The Church of the Annunciation (Basilica Annuntiationis, كنيسة البشارة, כנסיית הבשורה), sometimes also referred to as the Basilica of the Annunciation, is a Catholic church in Nazareth, in northern Israel. It is one of two claimants to the site of the Annunciation – in which angel Gabriel appeared to the Virgin Mary and announced that she would give birth to Jesus – the other being the Greek Orthodox Church of the Annunciation.

It was established over what Catholic tradition holds to be the site of the house of the Virgin Mary.

==History==
===Tradition===
The church was established at the site where, according to one tradition, the Annunciation took place. Another tradition, based on the apocryphal Protoevangelium of James, holds that this event commenced while Mary was drawing water from a local spring in Nazareth, and the Greek Orthodox Church of the Annunciation was erected at that alternate site.

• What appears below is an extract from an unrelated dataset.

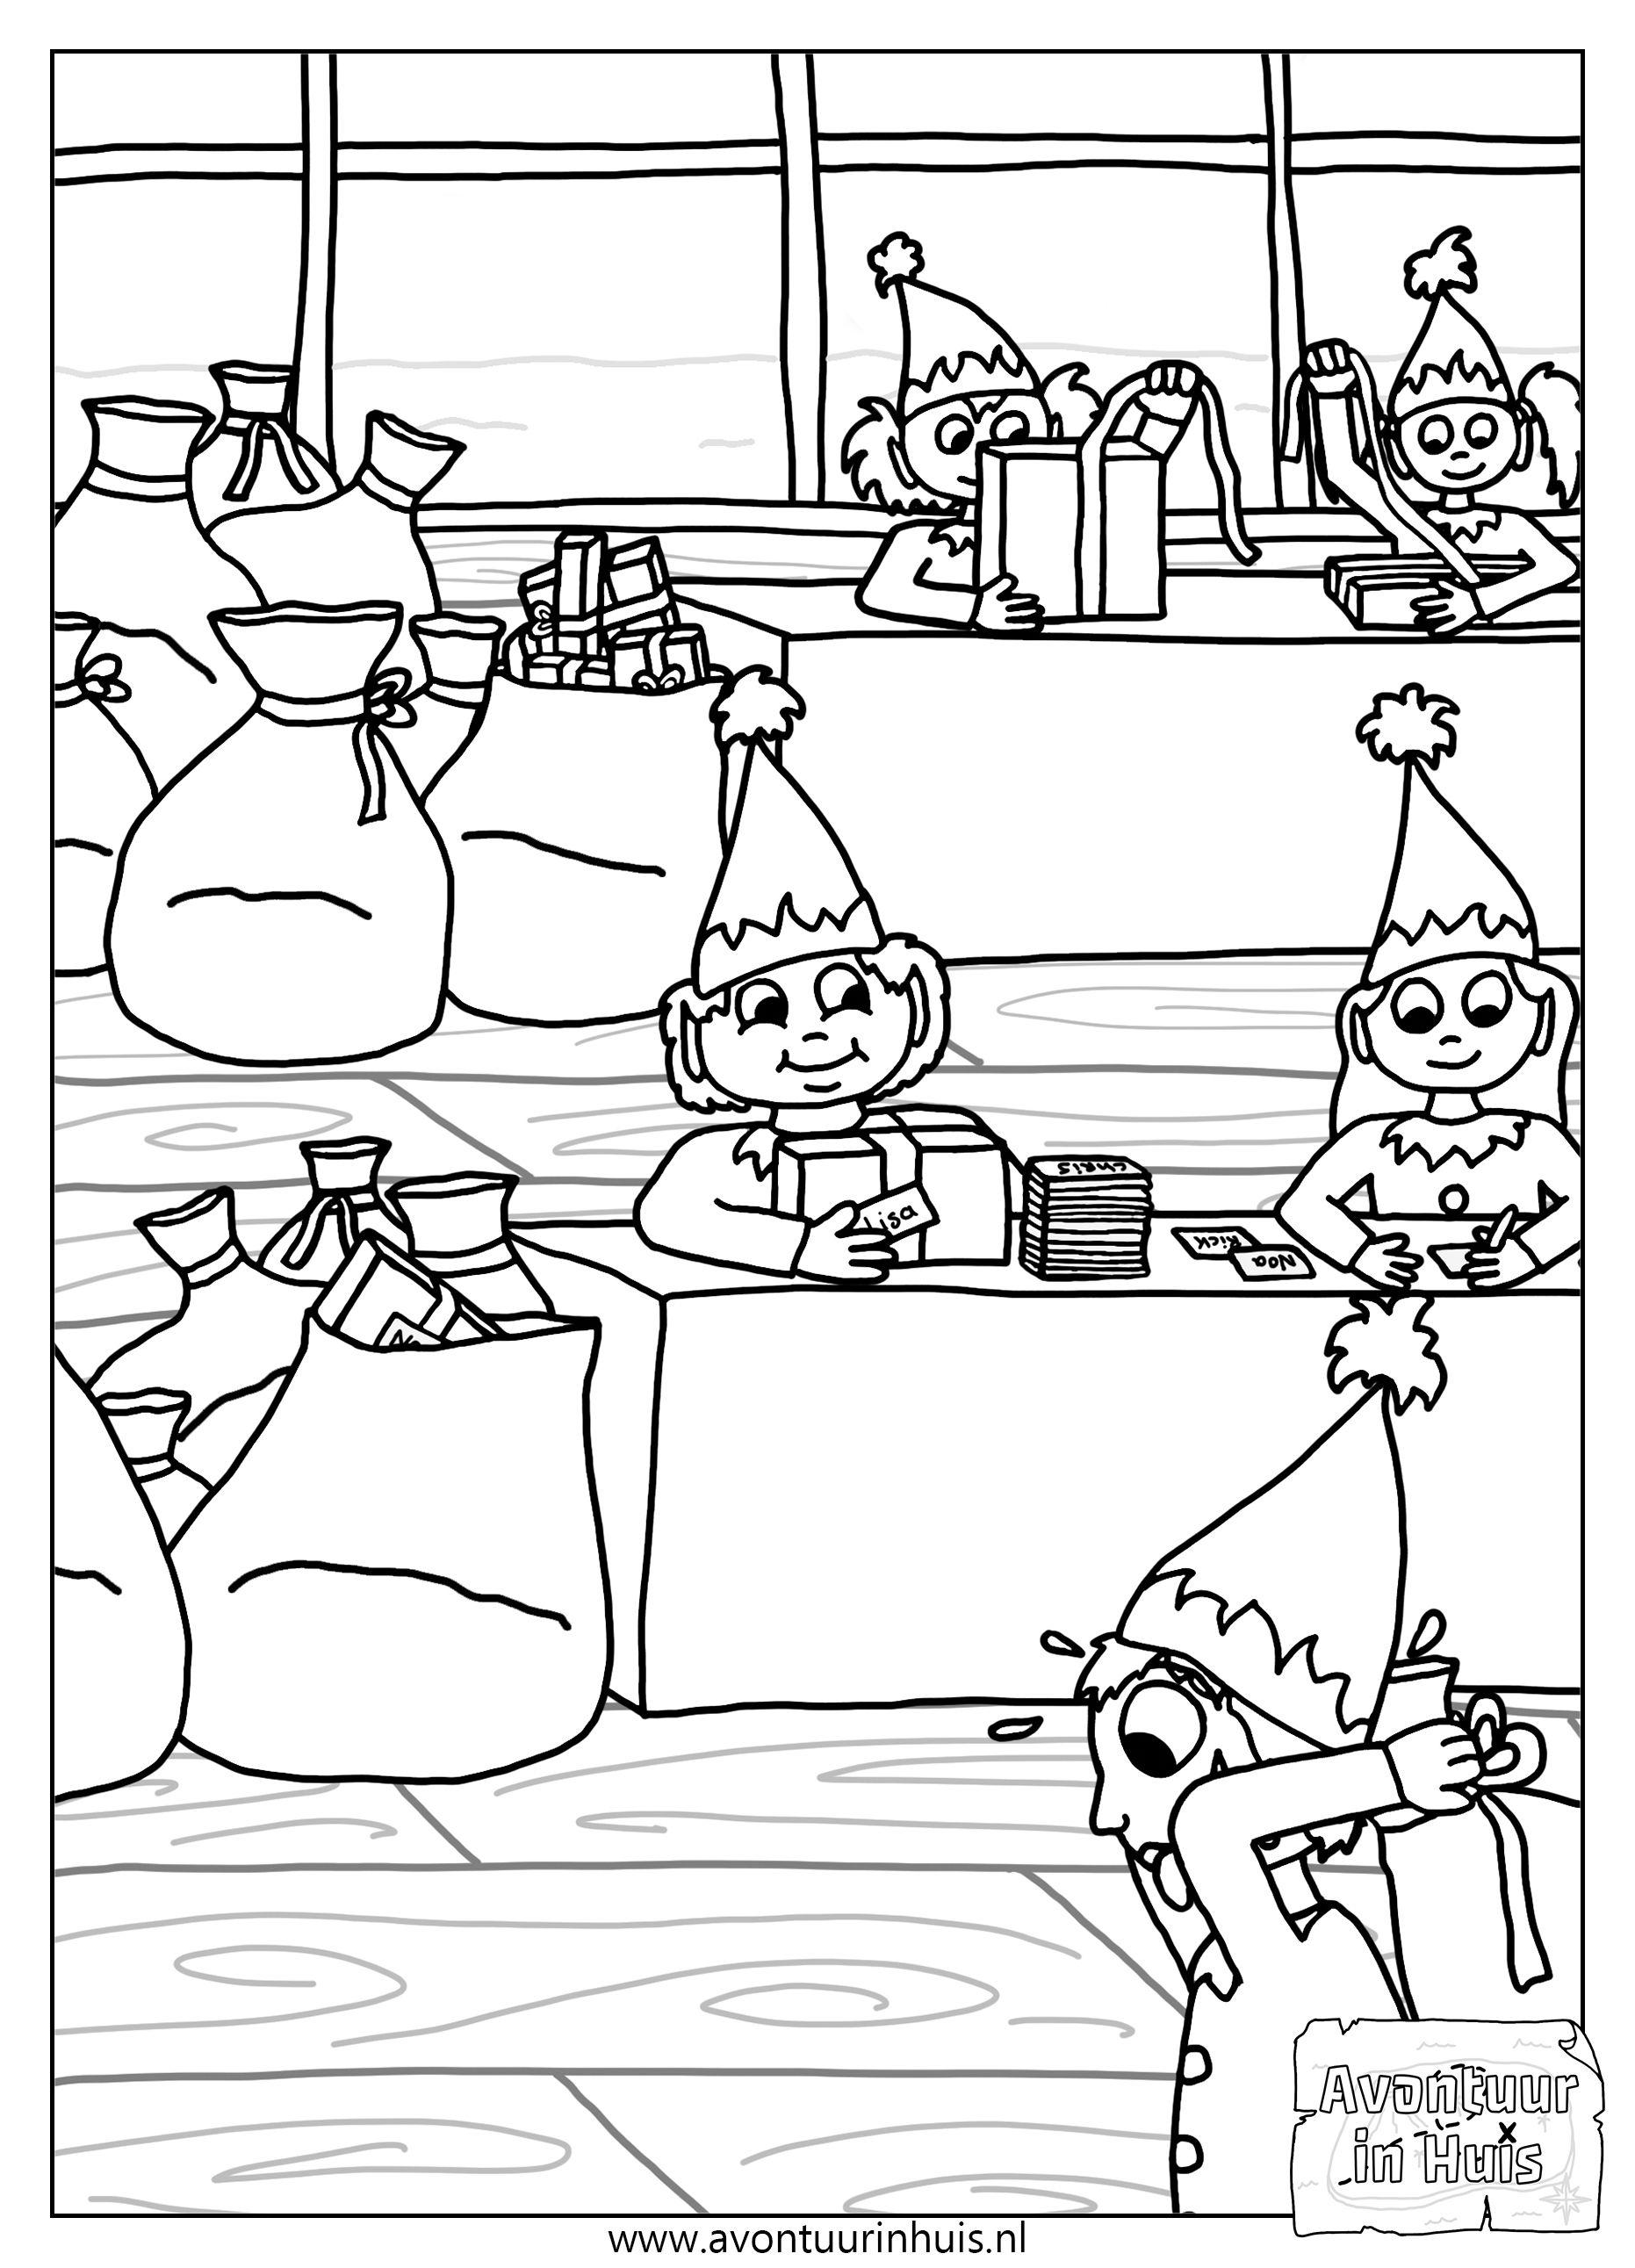 Cadeaufabriek Kerstmis Kleurplaat Kleurplaten Voor Kinderen Kleurplaten Gratis Kleurplaten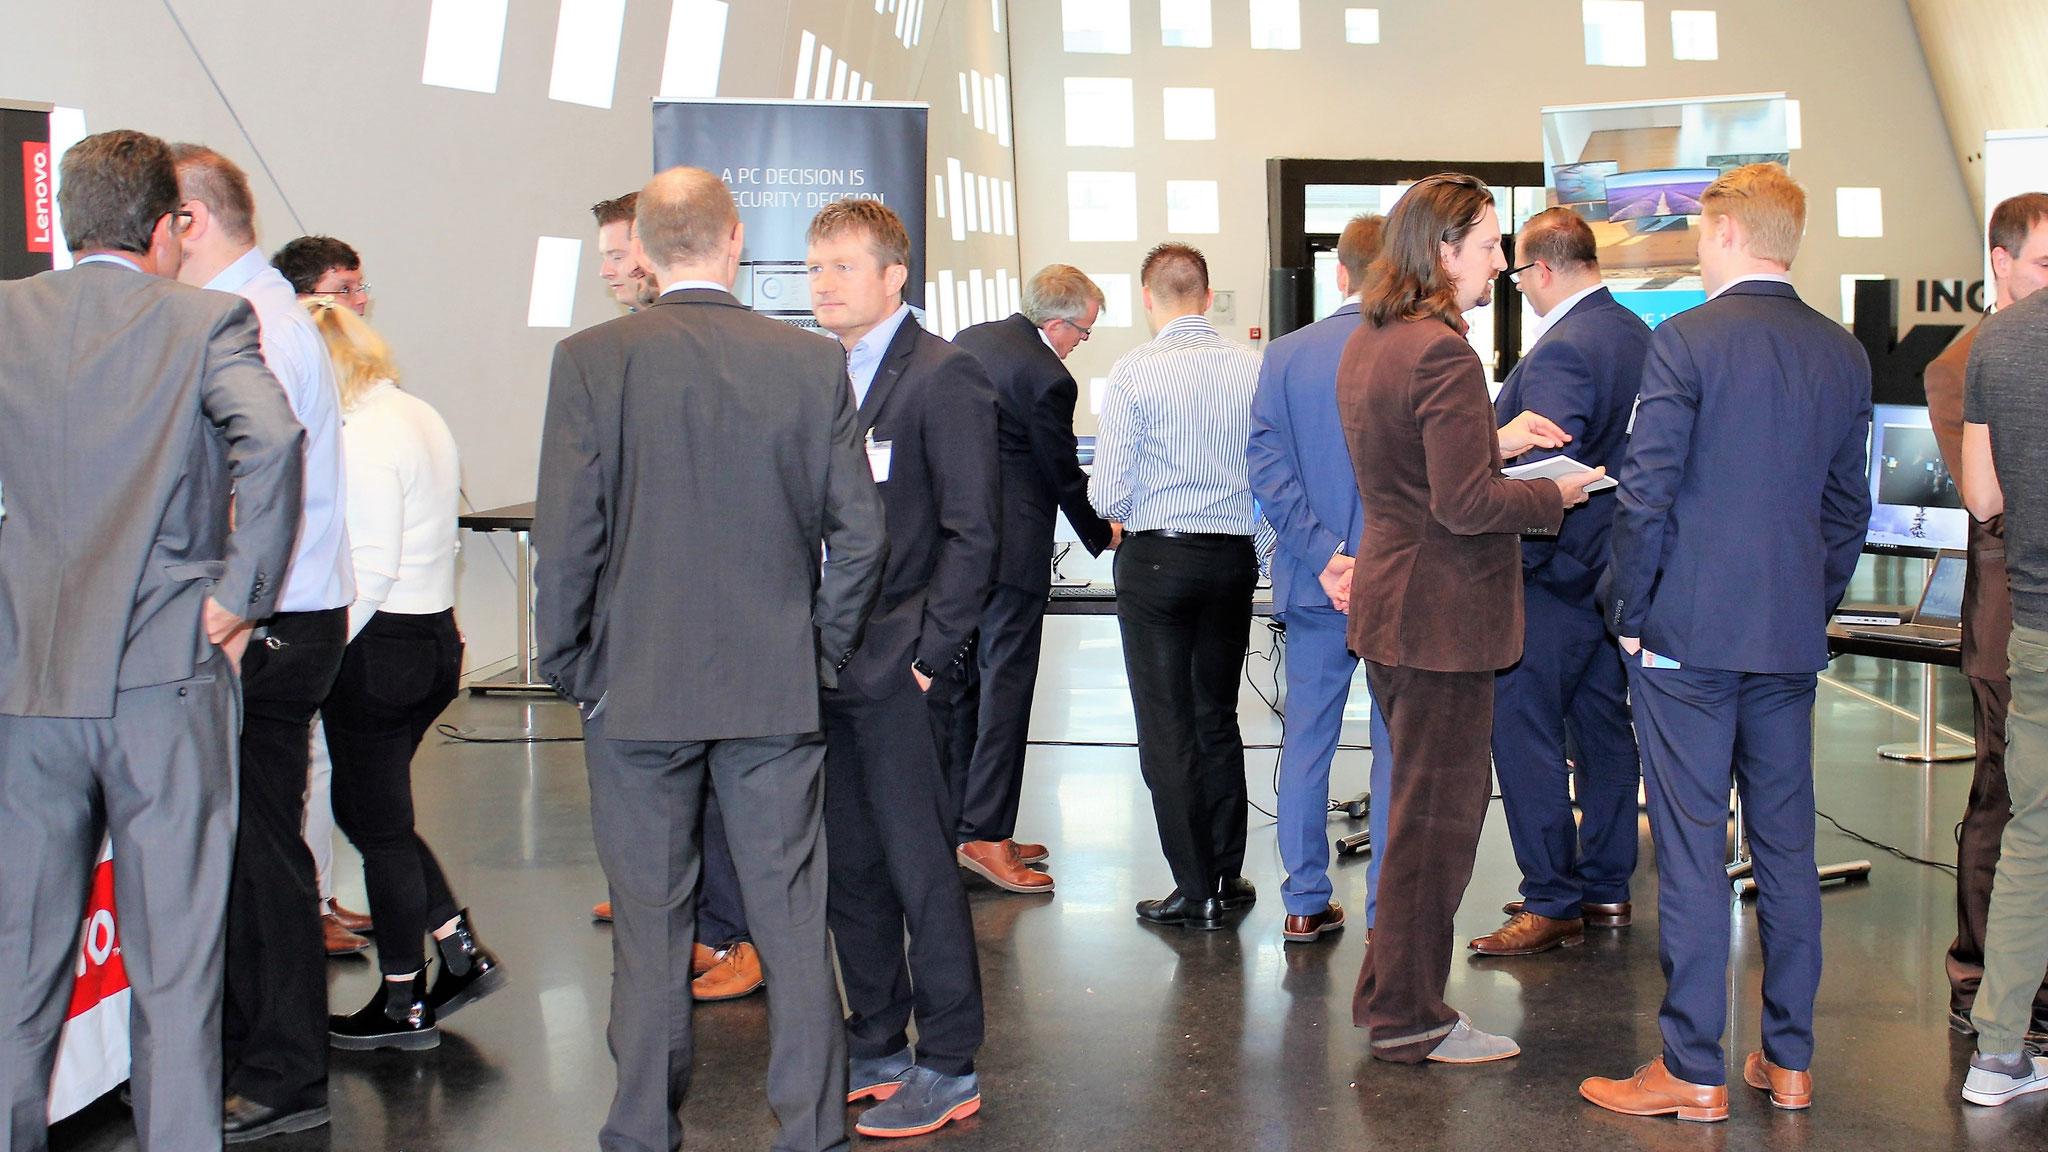 Diskussionen zur Hardware-Ausstattung des Future Work Place

===Late Roman/Byzantine shrine===
Christian tradition has held that a structure was commissioned by Emperor Constantine I, whose mother, Saint Helena, helped to found churches commemorating important events in Jesus Christ's life. The Church of the Annunciation was founded around the same time as the Church of the Nativity (the birthplace) and the Church of the Holy Sepulchre (the tomb). Some version of it was known to have still been in existence around 570.

A competing view is that the Church was the site of the Holy House, which, according to Catholic legend, was transported by angels across the sea to Loreto, Italy, at the time of the Muslim conquest.

===Crusader church===
The second church was built over the ruins of the Byzantine-era church during the Crusades, following the conquest of Nazareth by Tancred in 1102. The church was undergoing a considerable expansion under Letard II, archbishop of Nazareth, in the 1170s. The expansion was never completed. Five Romanesque capitals, discovered during excavations in 1909, had not yet been installed in 1187 when news of Saladin's victory in the Battle of Hattin reached the city. Saladin granted permission to Franciscan priests to remain in Nazareth to oversee services at the church.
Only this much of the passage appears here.